■ Work order:
Everything in the listing that follows should be reproduced exactly except the pictures.

■ Information supplied:

====

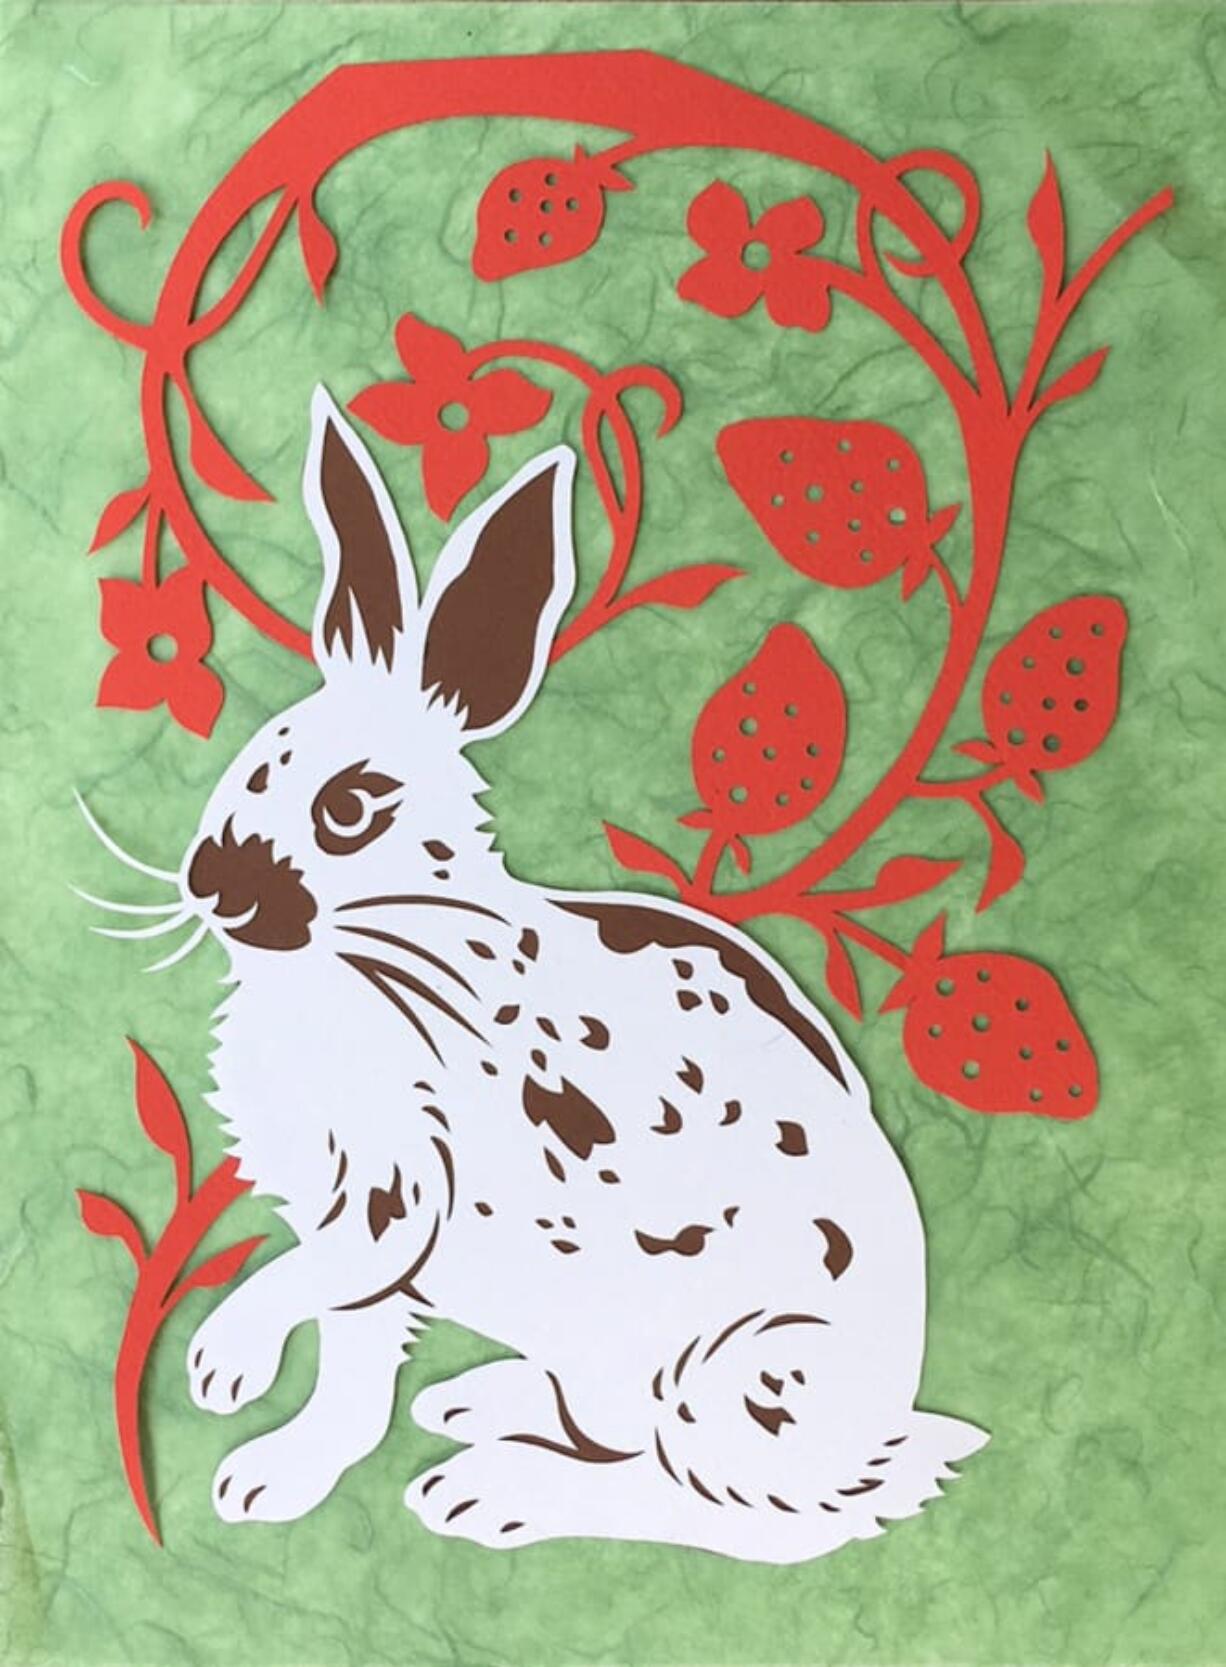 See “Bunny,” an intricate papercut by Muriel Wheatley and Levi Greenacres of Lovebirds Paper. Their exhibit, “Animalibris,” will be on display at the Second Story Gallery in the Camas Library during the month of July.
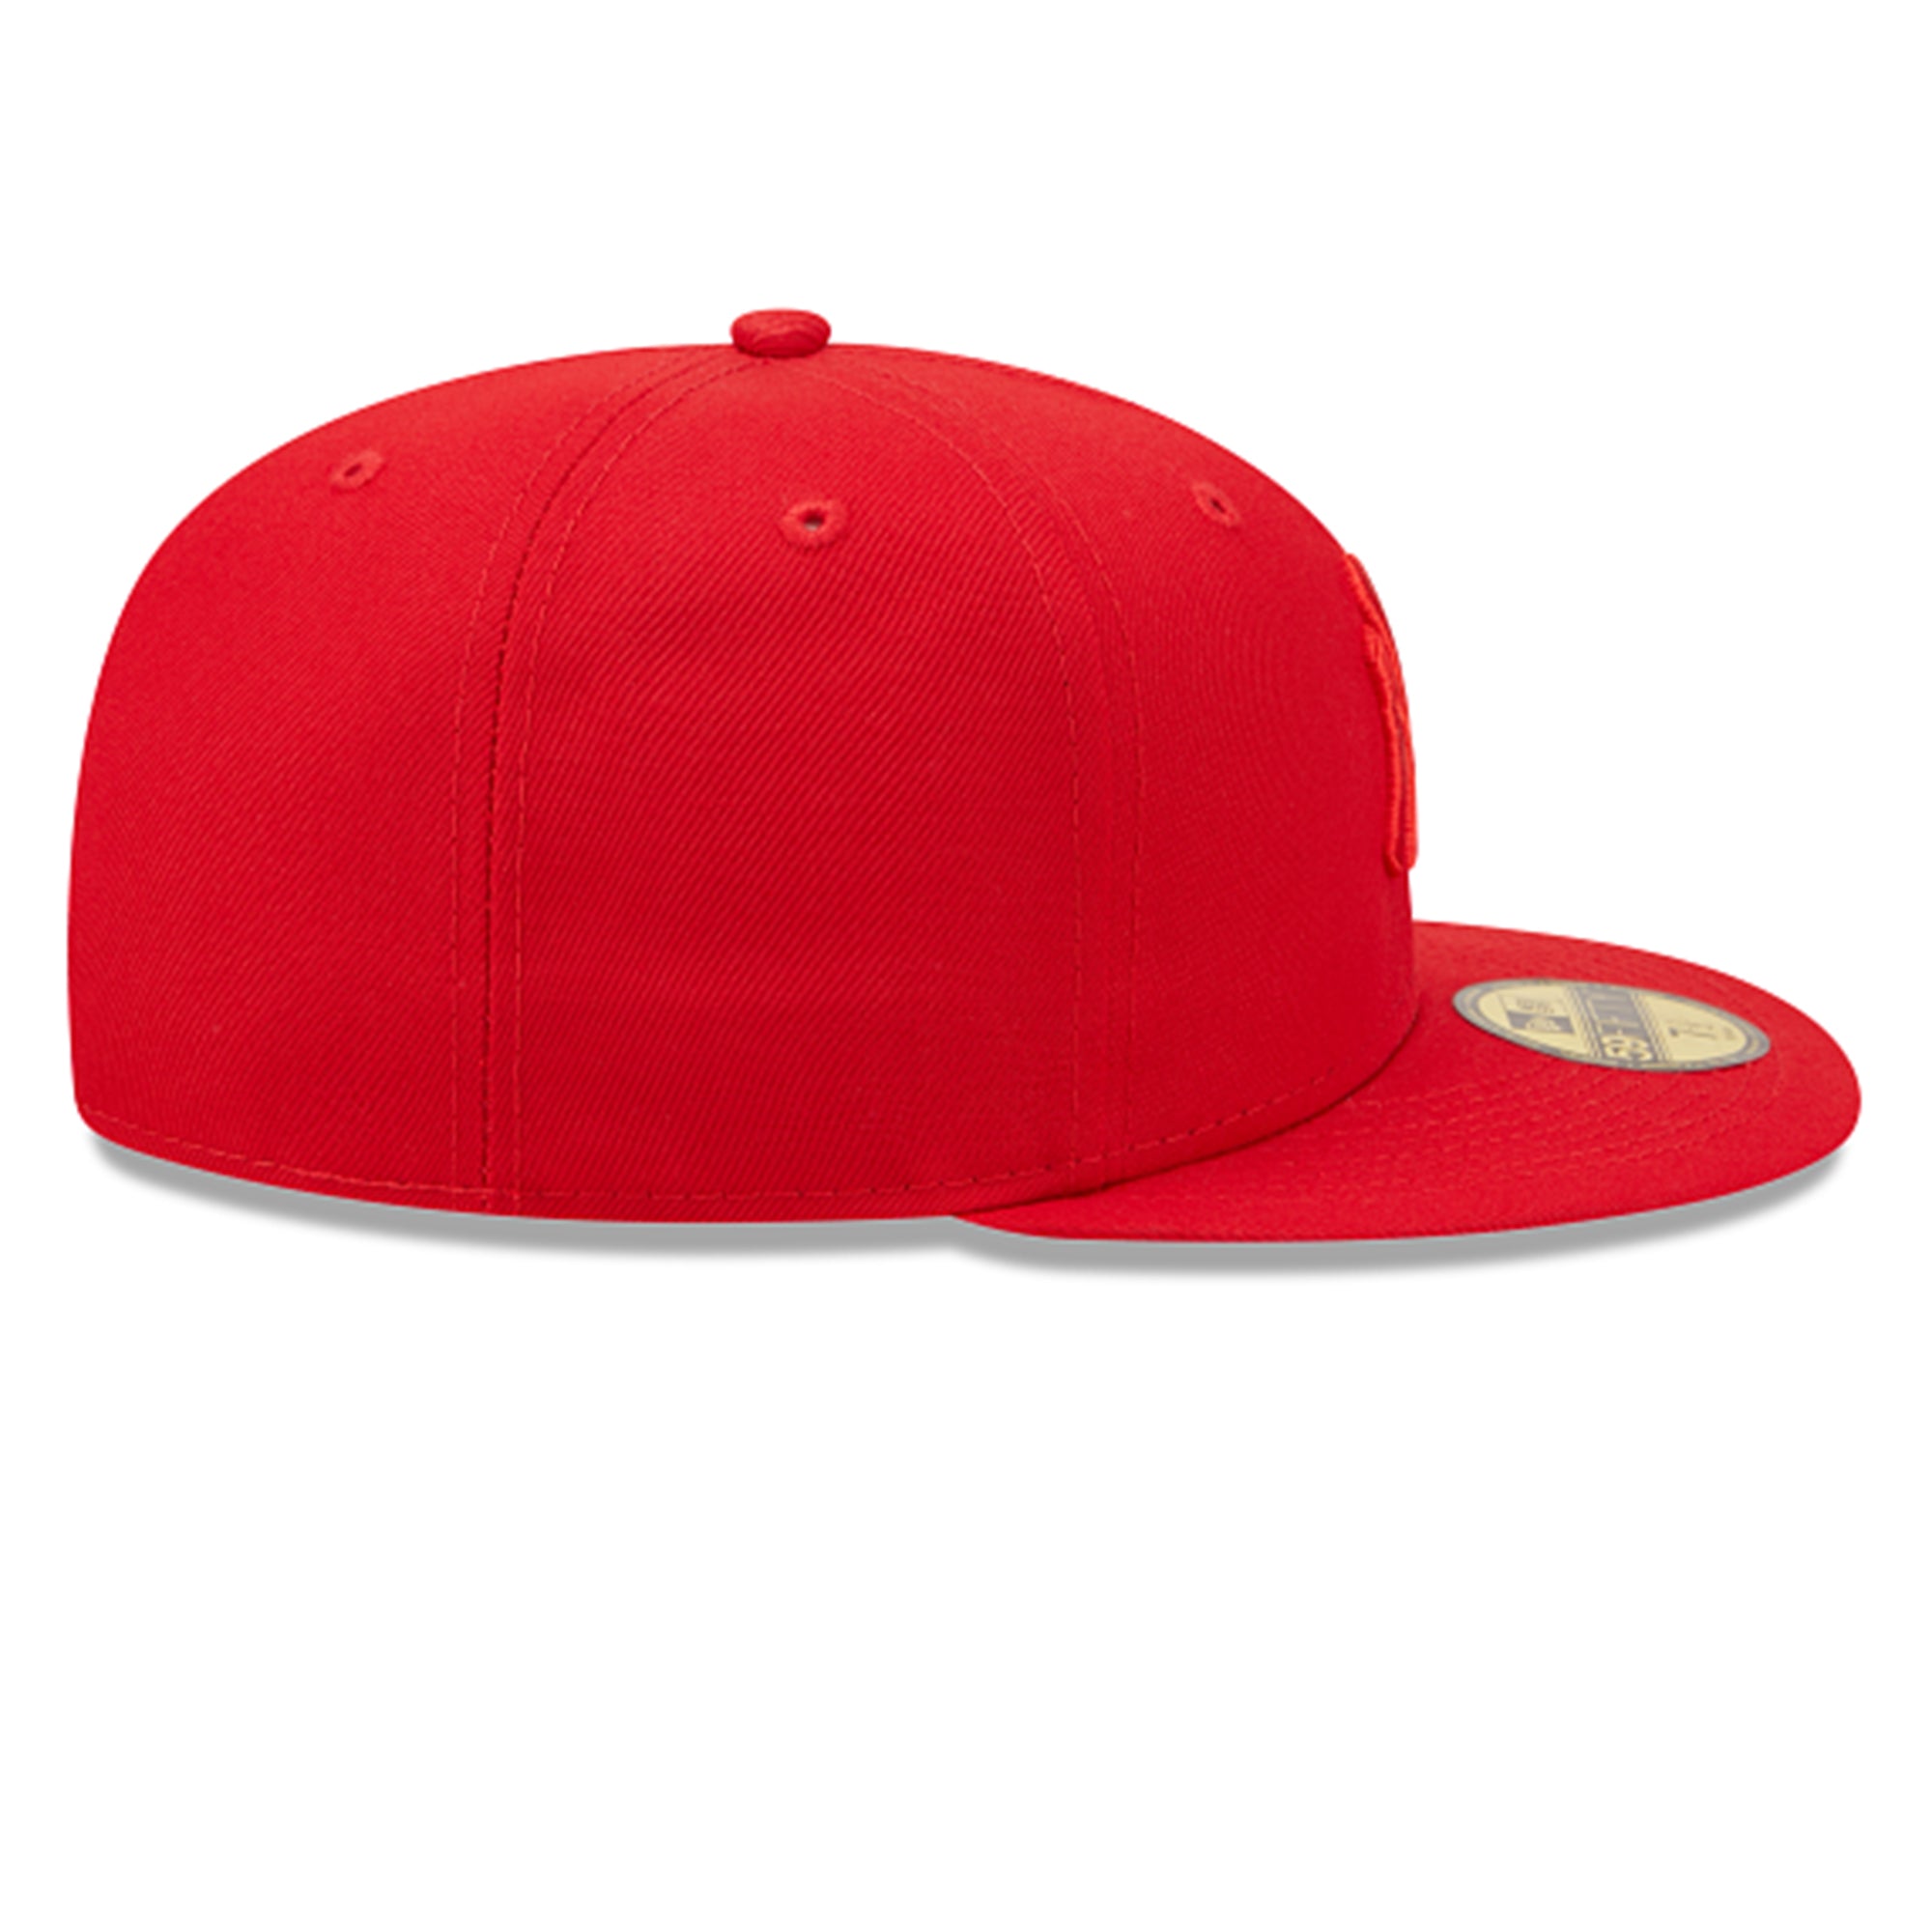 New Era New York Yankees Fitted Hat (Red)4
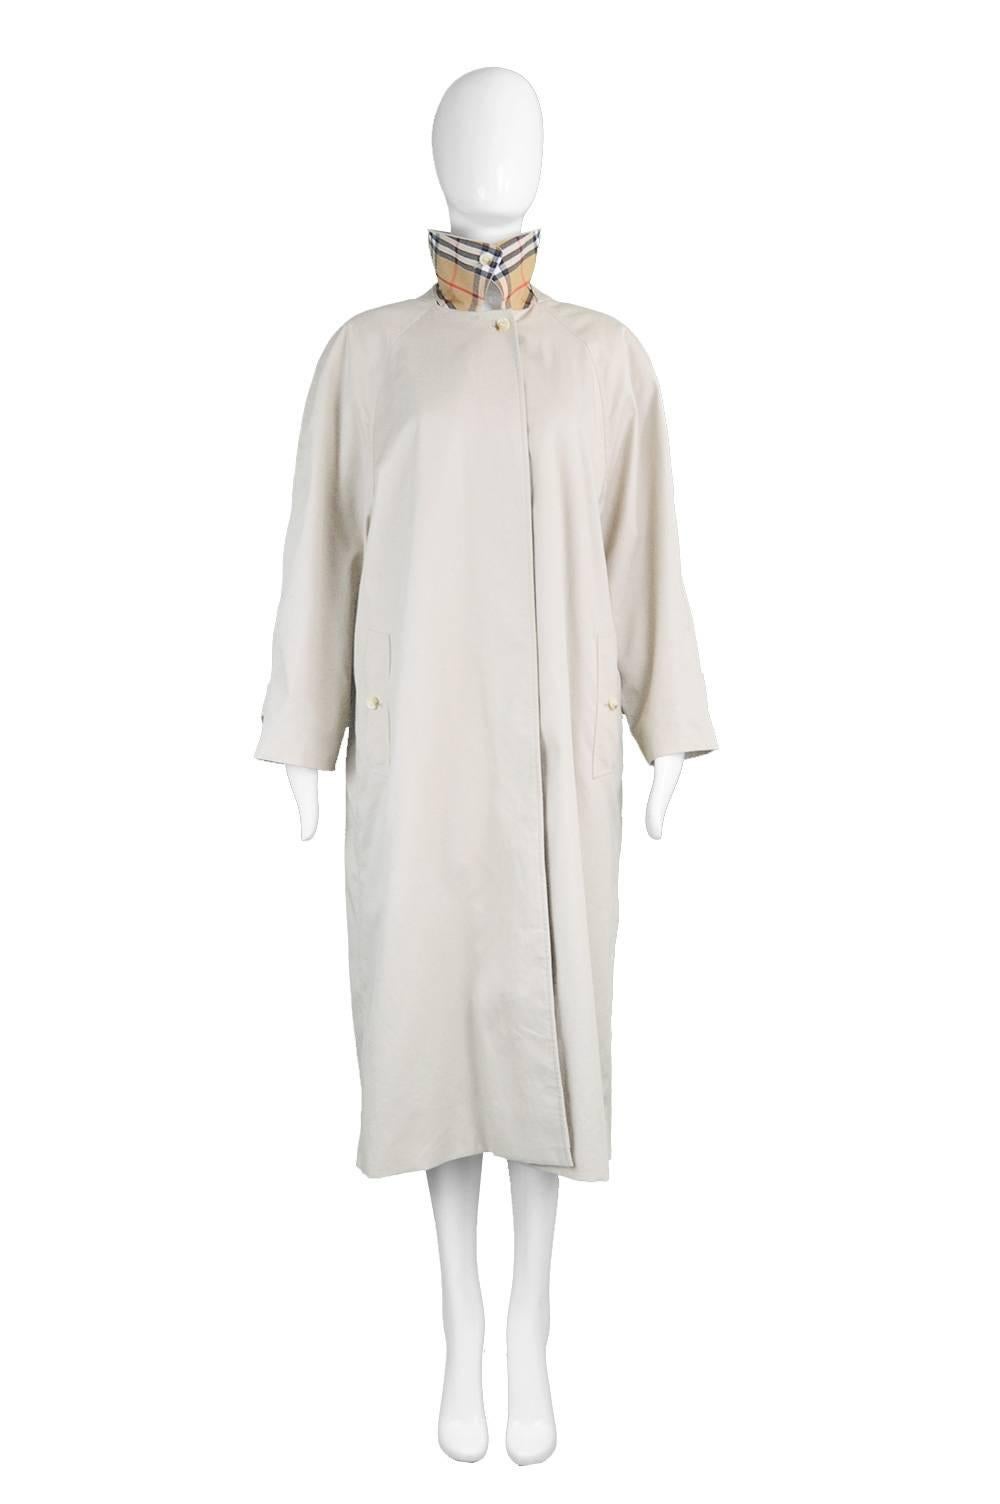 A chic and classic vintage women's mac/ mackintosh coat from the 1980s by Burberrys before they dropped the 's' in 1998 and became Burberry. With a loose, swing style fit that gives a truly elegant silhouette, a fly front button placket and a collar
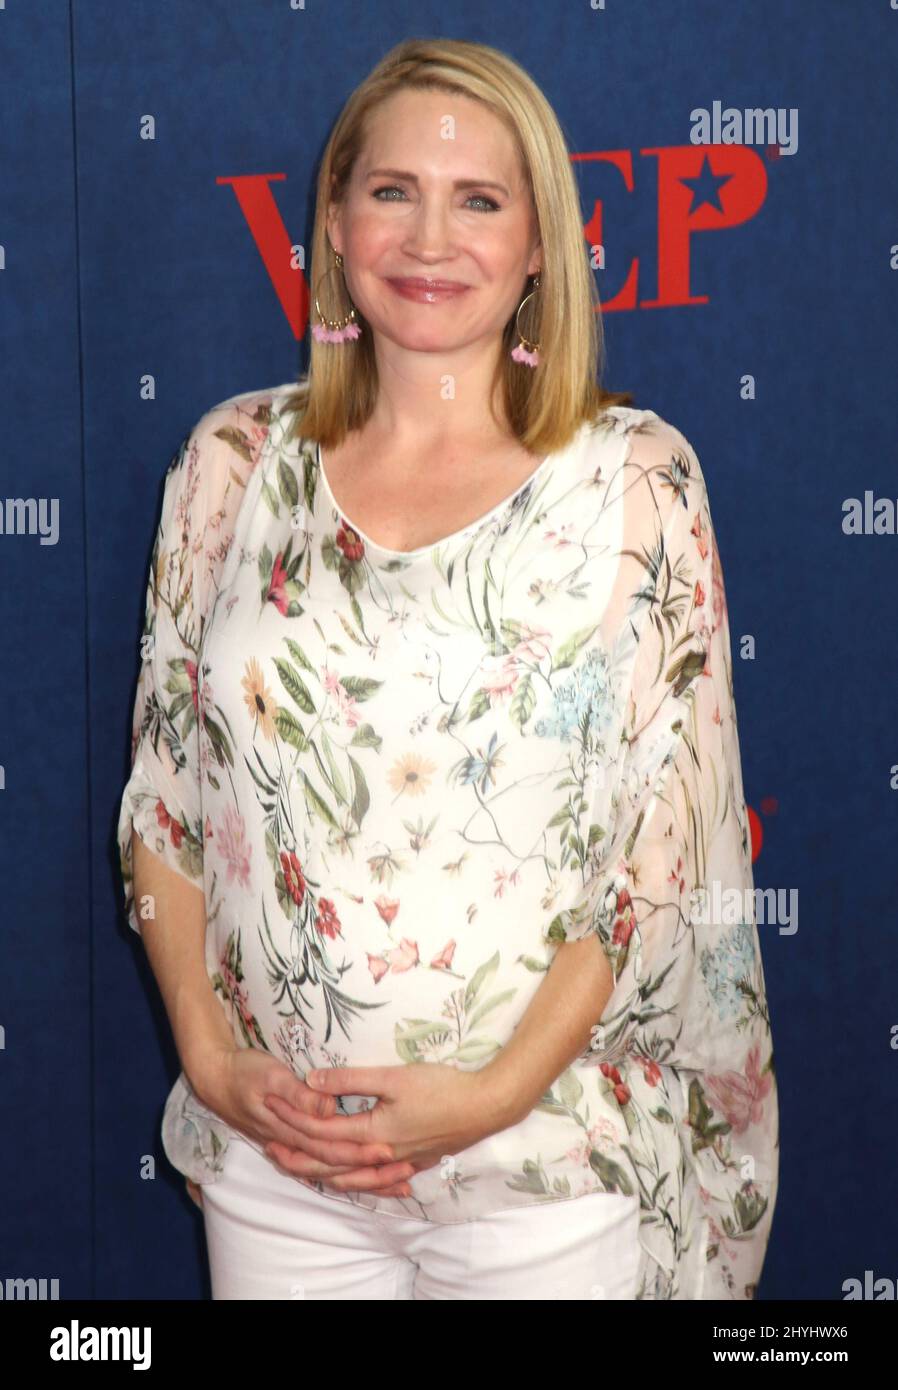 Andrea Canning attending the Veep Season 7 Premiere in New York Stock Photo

====

■ Output for this exercise:
 See “Bunny,” an intricate papercut by Muriel Wheatley and Levi Greenacres of Lovebirds Paper. Their exhibit, “Animalibris,” will be on display at the Second Story Gallery in the Camas Library during the month of July.
 New Era New York Yankees Fitted Hat (Red)4
 A chic and classic vintage women's mac/ mackintosh coat from the 1980s by Burberrys before they dropped the 's' in 1998 and became Burberry. With a loose, swing style fit that gives a truly elegant silhouette, a fly front button placket and a collar
 Andrea Canning attending the Veep Season 7 Premiere in New York Stock Photo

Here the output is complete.